Data shown
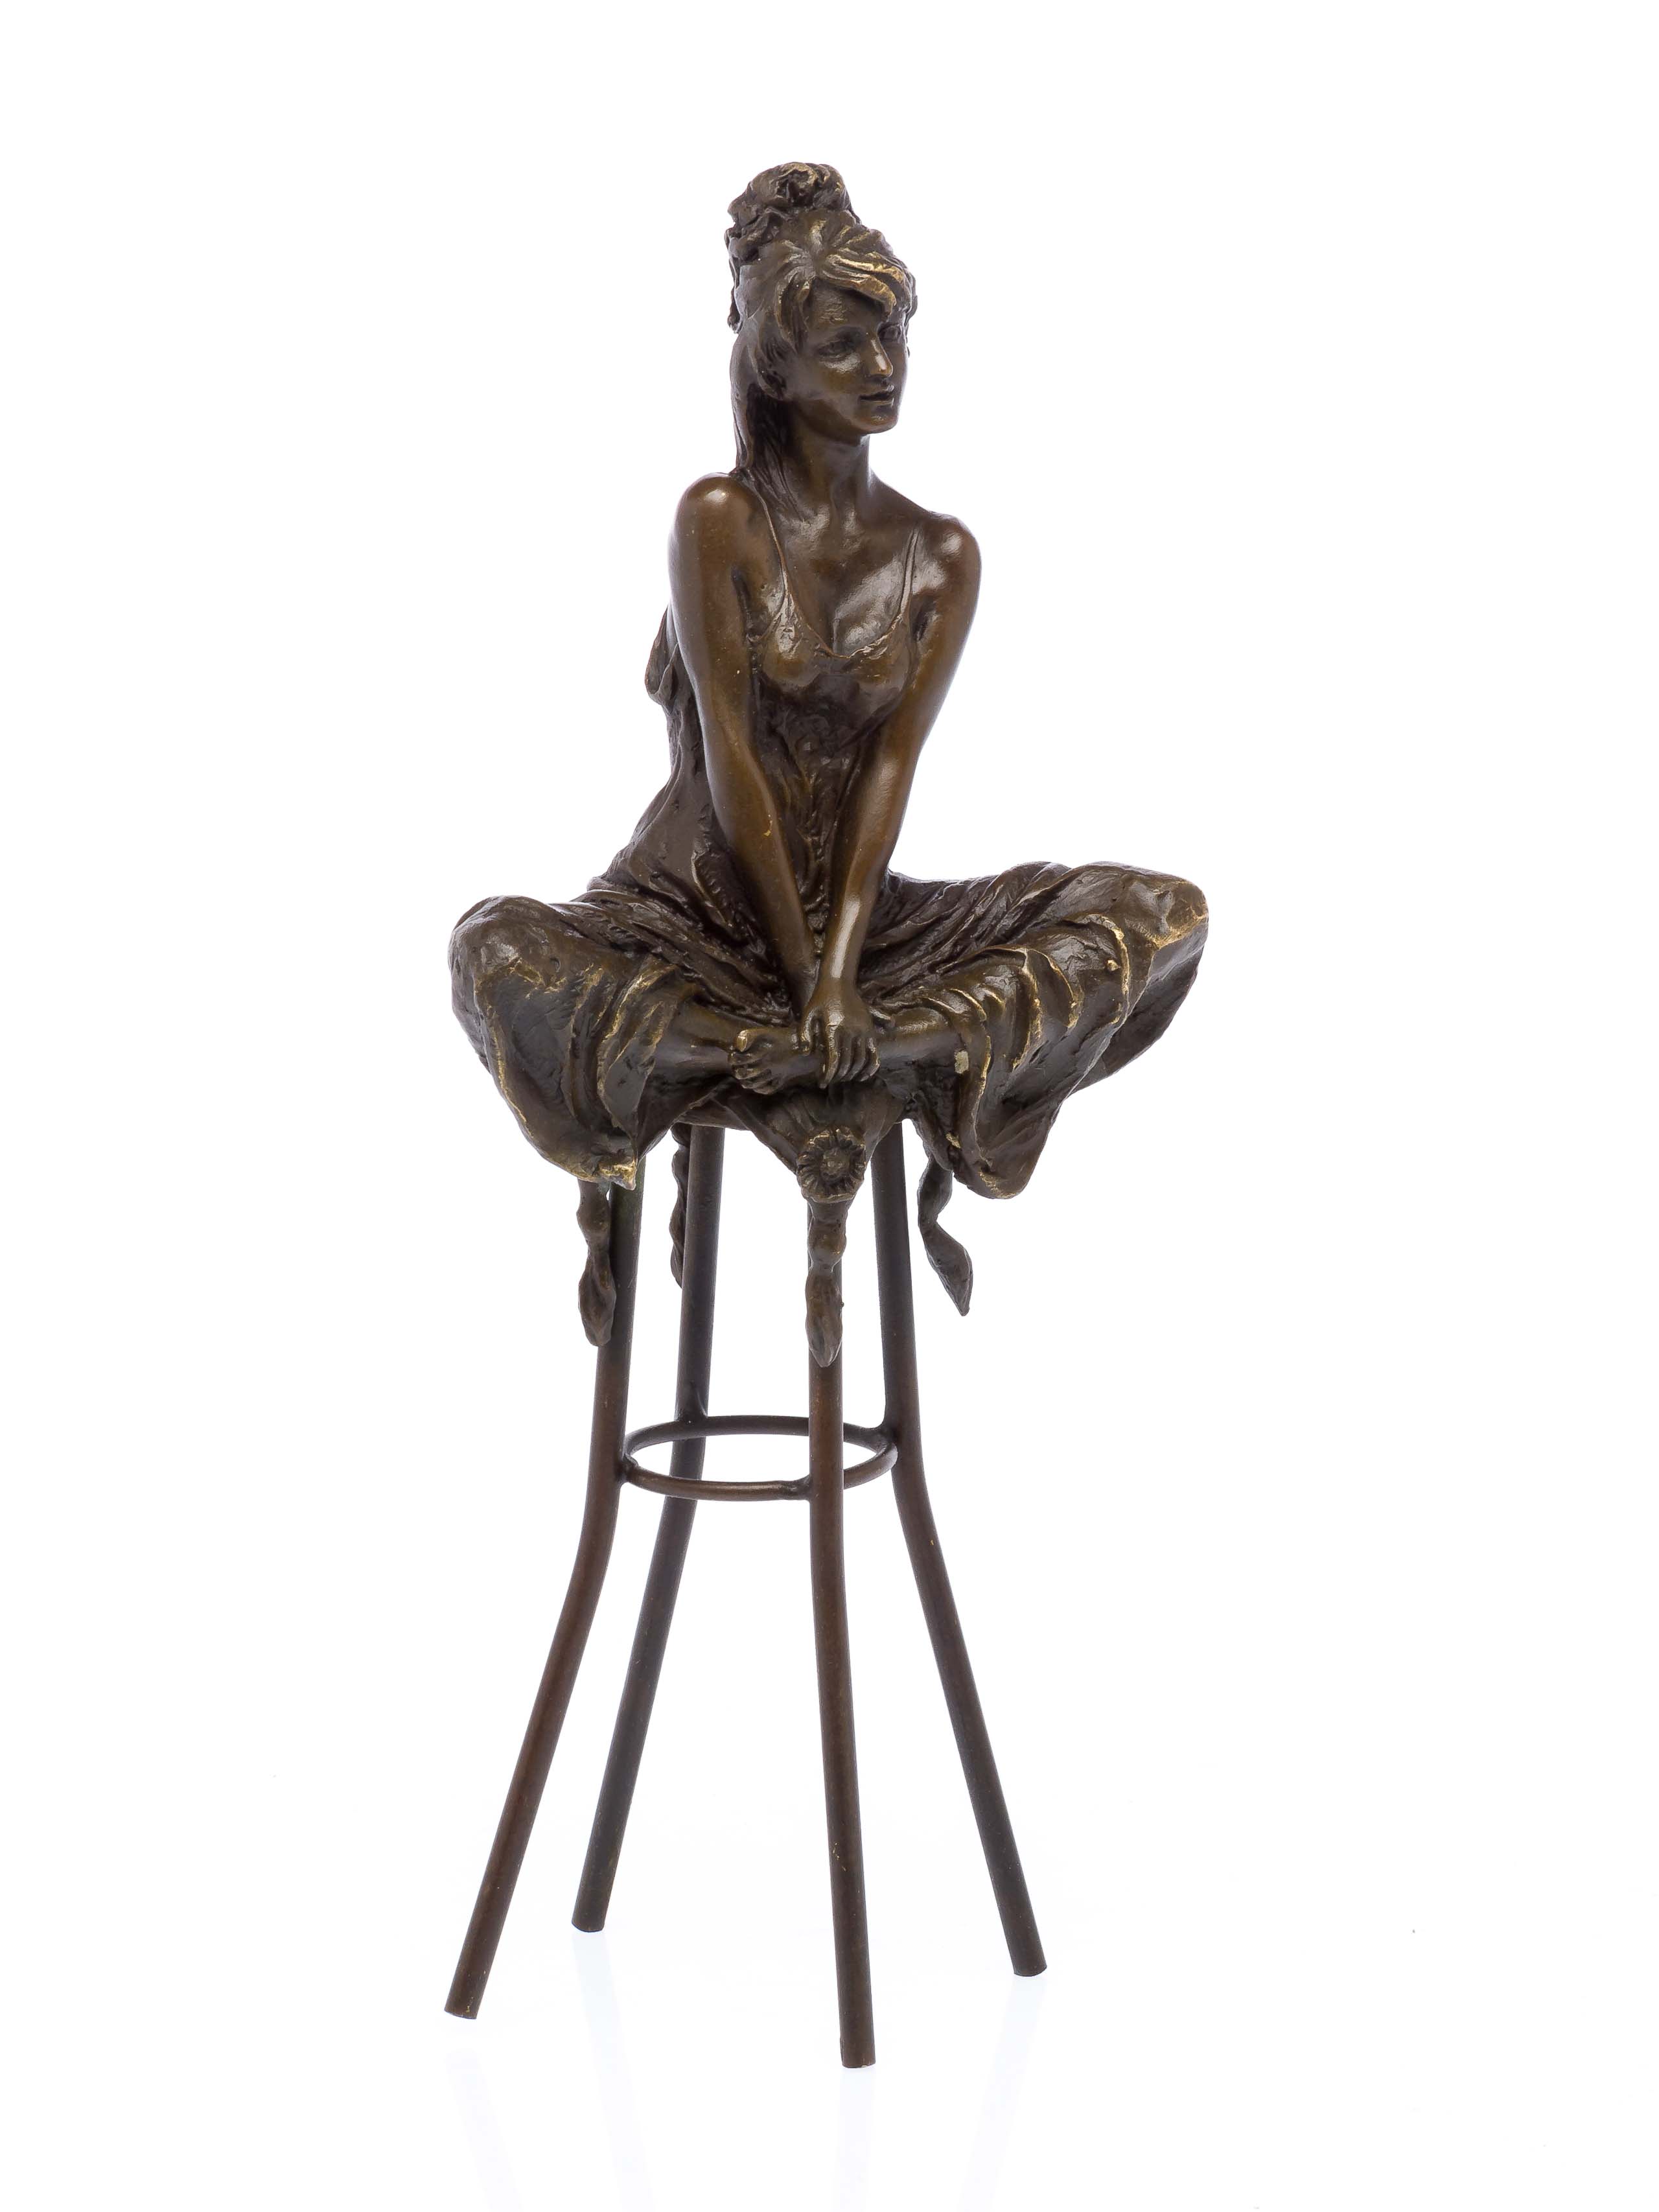 Bronzeskulptur Frau auf Barhocker Bar Bronze Figur Skulptur sculpture woman 
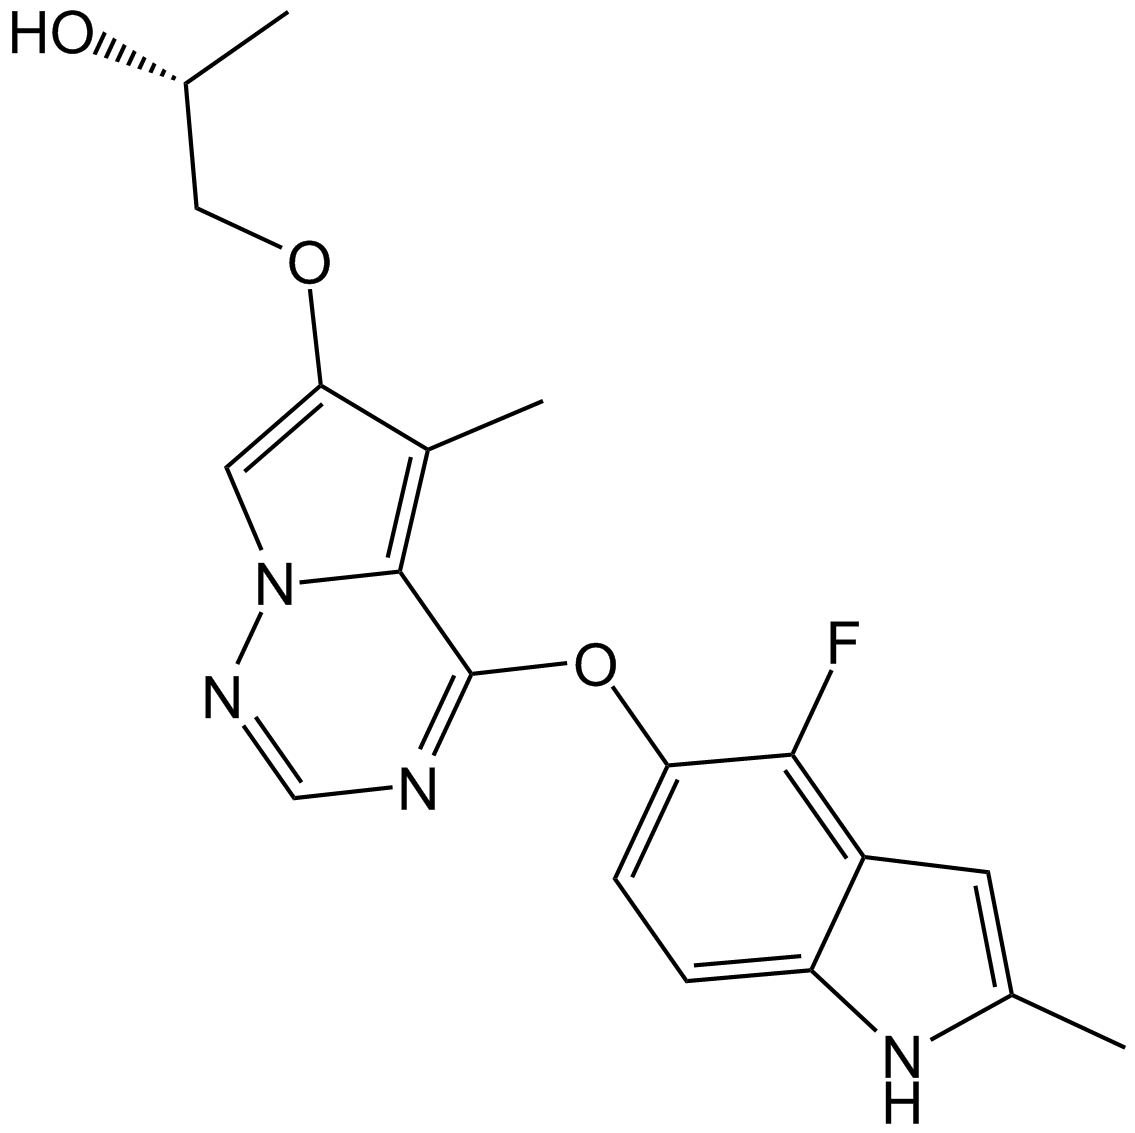 Brivanib (BMS-540215)
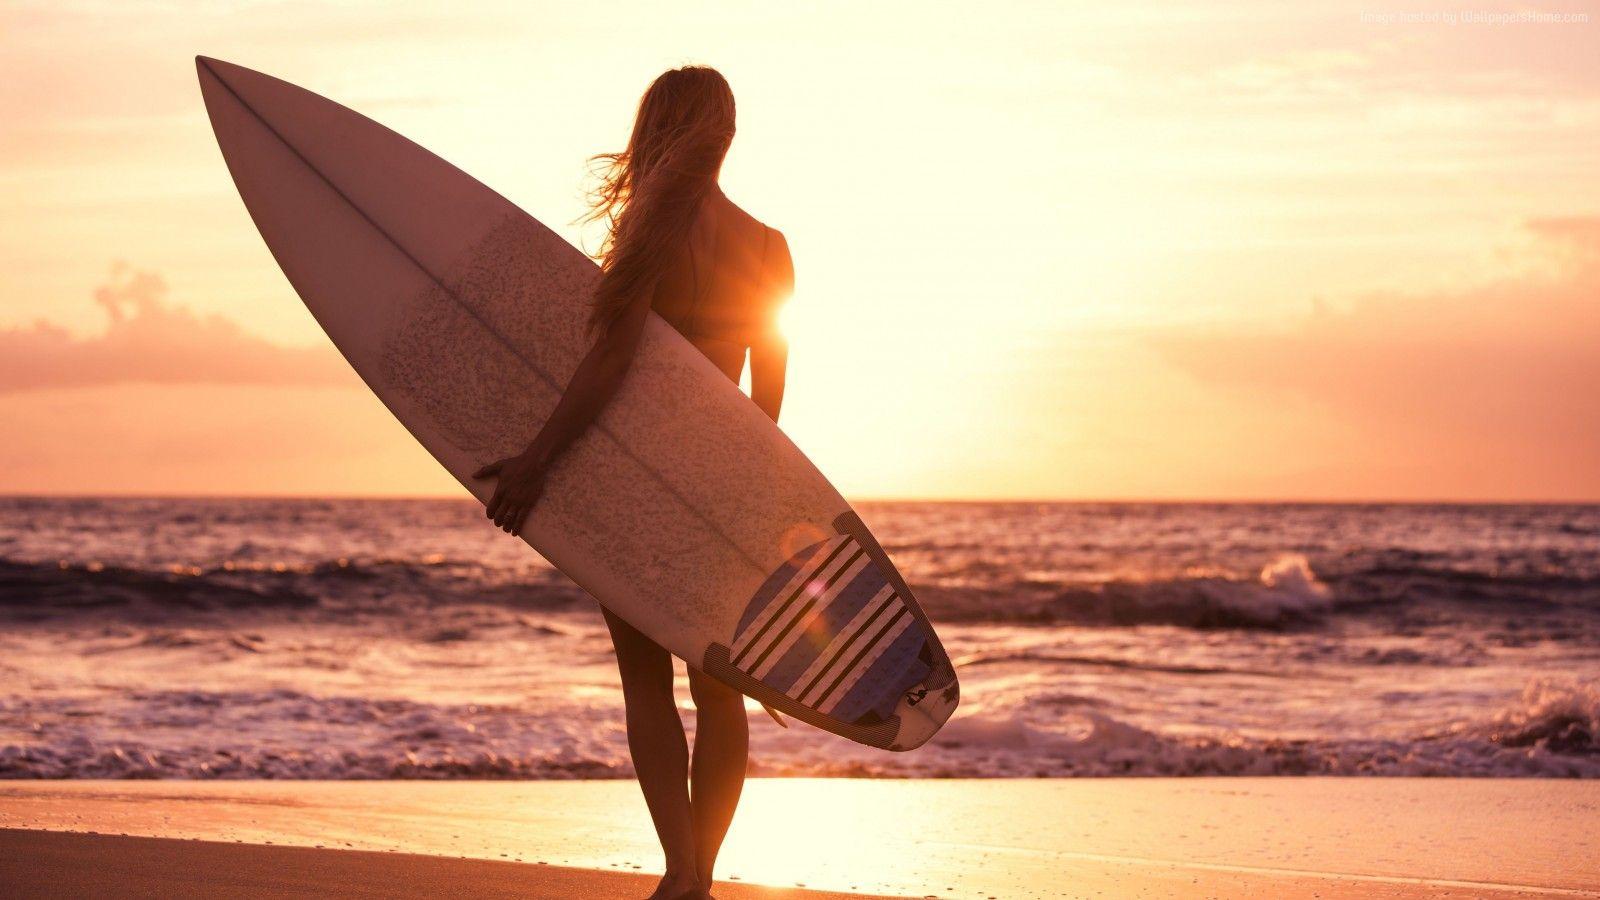 Surfing HD Desktop Wallpaper, Instagram photo, Background Image

Problem requirements
Make an exact copy of the whole listing, but don't bring over any pictures.

Exercise solution
 Bronzeskulptur Frau auf Barhocker Bar Bronze Figur Skulptur sculpture woman 
 Brivanib (BMS-540215)
 Surfing HD Desktop Wallpaper, Instagram photo, Background Image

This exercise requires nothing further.